> [Assigned task] Transcribe the listing that follows in full, omitting pictures.

> [The data]
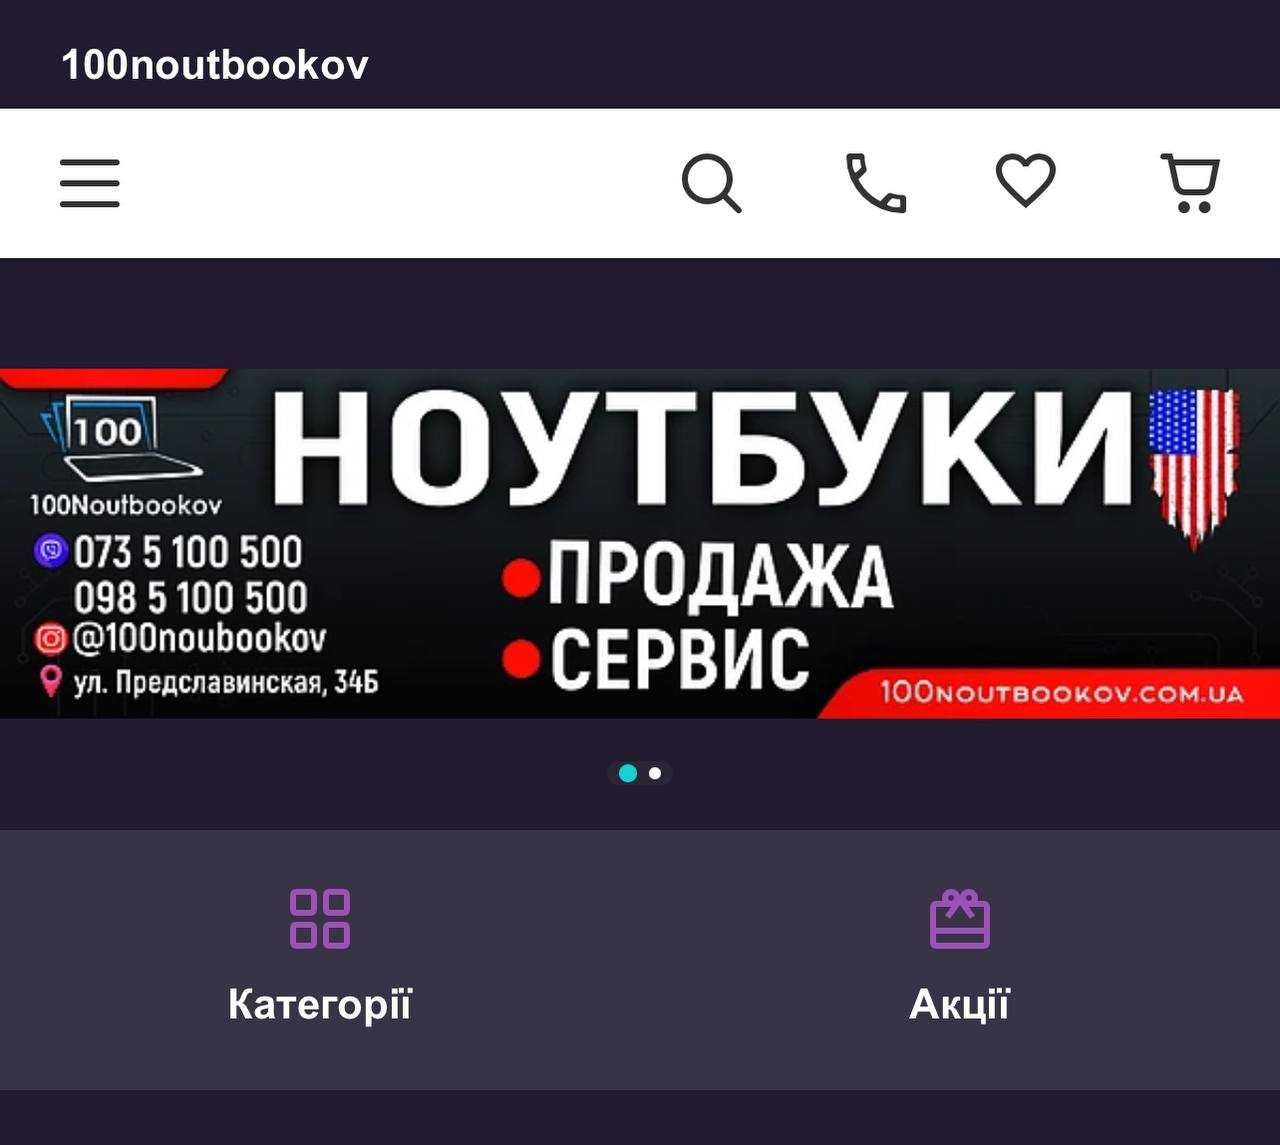 Уникальное доменное имя для твоего бизнеса + сайт 100noutbookov.com.ua
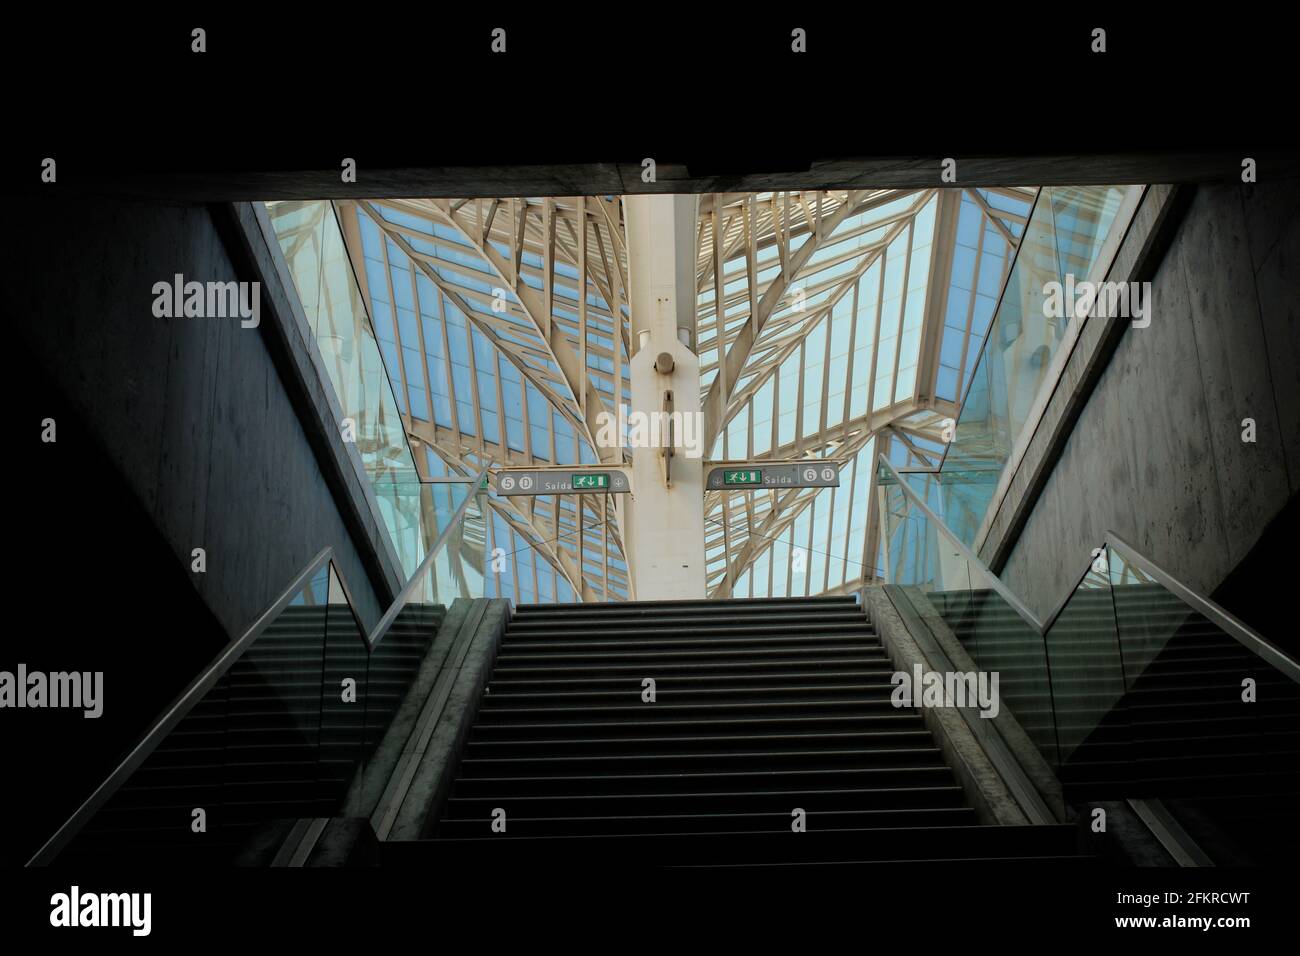 Vue depuis les escaliers de la gare de Lattice en métal blanc à Lisbonne, Portugal conçu par Santiago Calatrava Banque D'Images
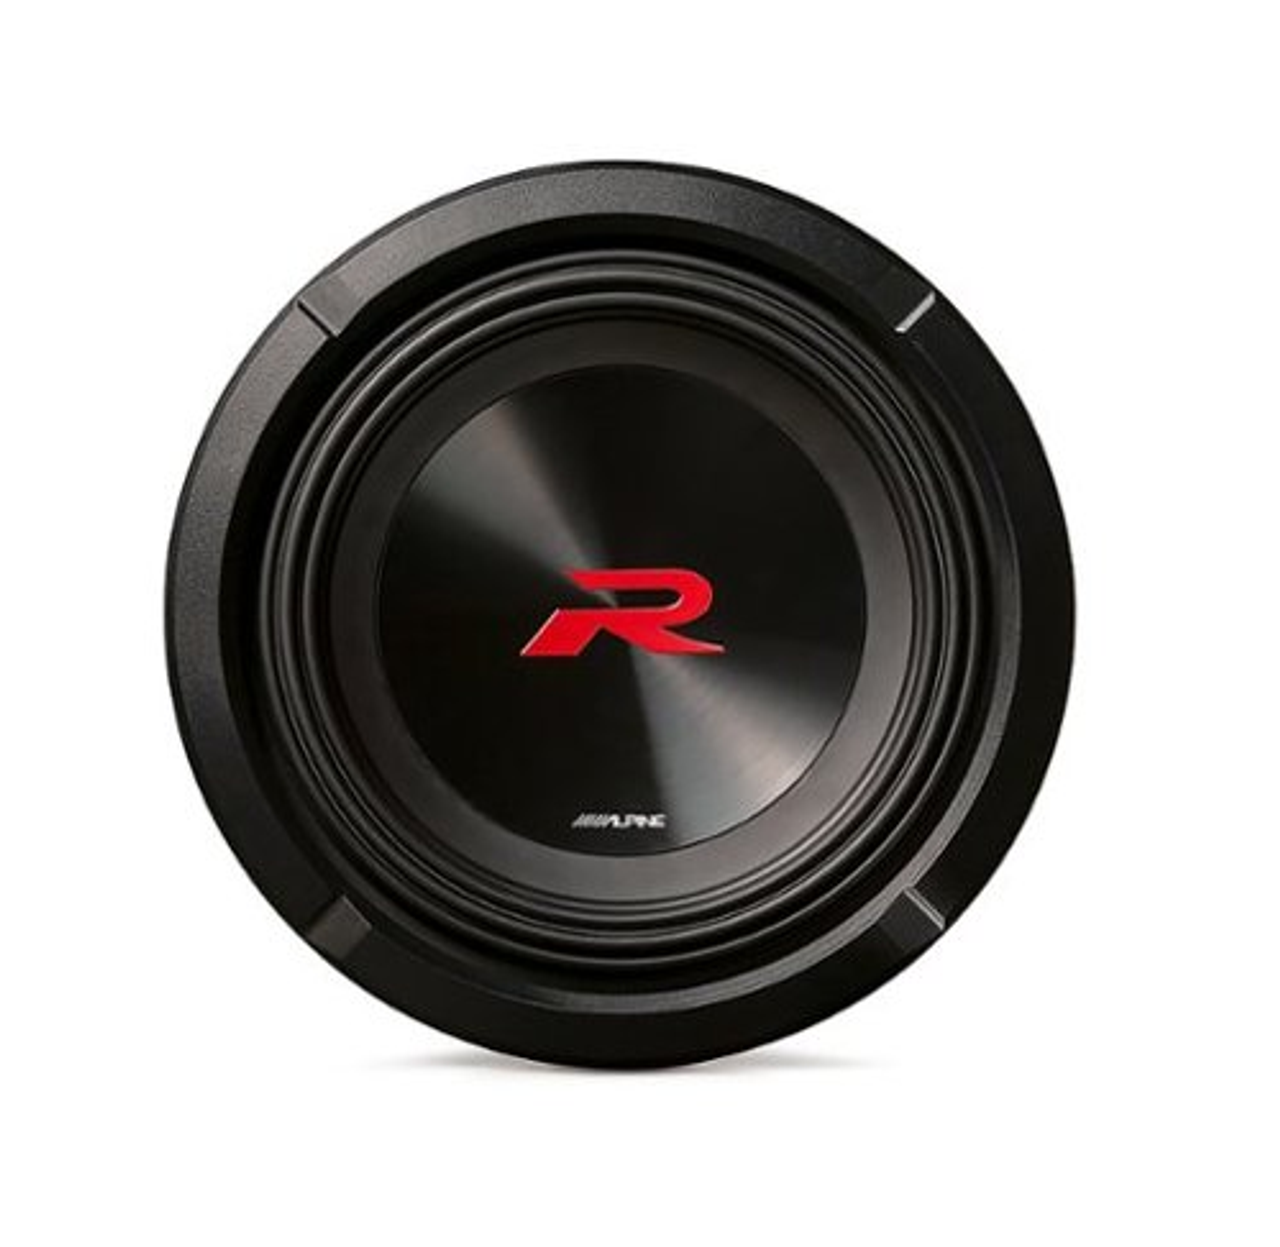 Alpine - R-Series Dual 8" Voice Coil 4-Ohm Subwoofer - Black
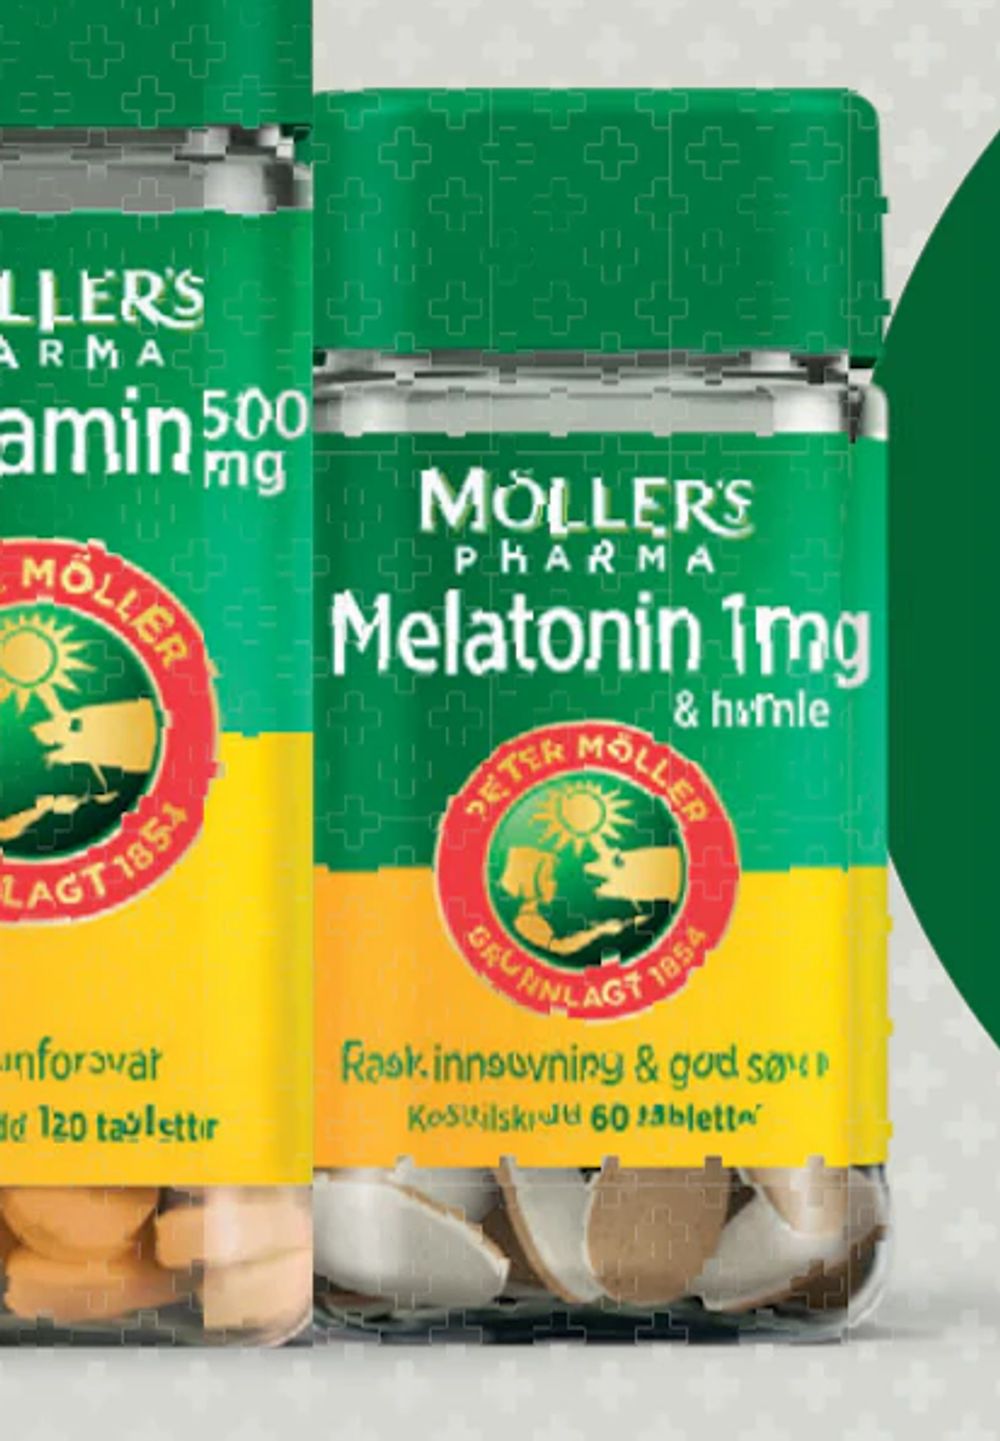 Tilbud på Möller's Pharma Melatonin tab 1 mg & humle fra Vitusapotek til 74,50 kr

> [Solution to the exercise]
 Уникальное доменное имя для твоего бизнеса + сайт 100noutbookov.com.ua
 Vue depuis les escaliers de la gare de Lattice en métal blanc à Lisbonne, Portugal conçu par Santiago Calatrava Banque D'Images
 Alpine - R-Series Dual 8" Voice Coil 4-Ohm Subwoofer - Black
 Tilbud på Möller's Pharma Melatonin tab 1 mg & humle fra Vitusapotek til 74,50 kr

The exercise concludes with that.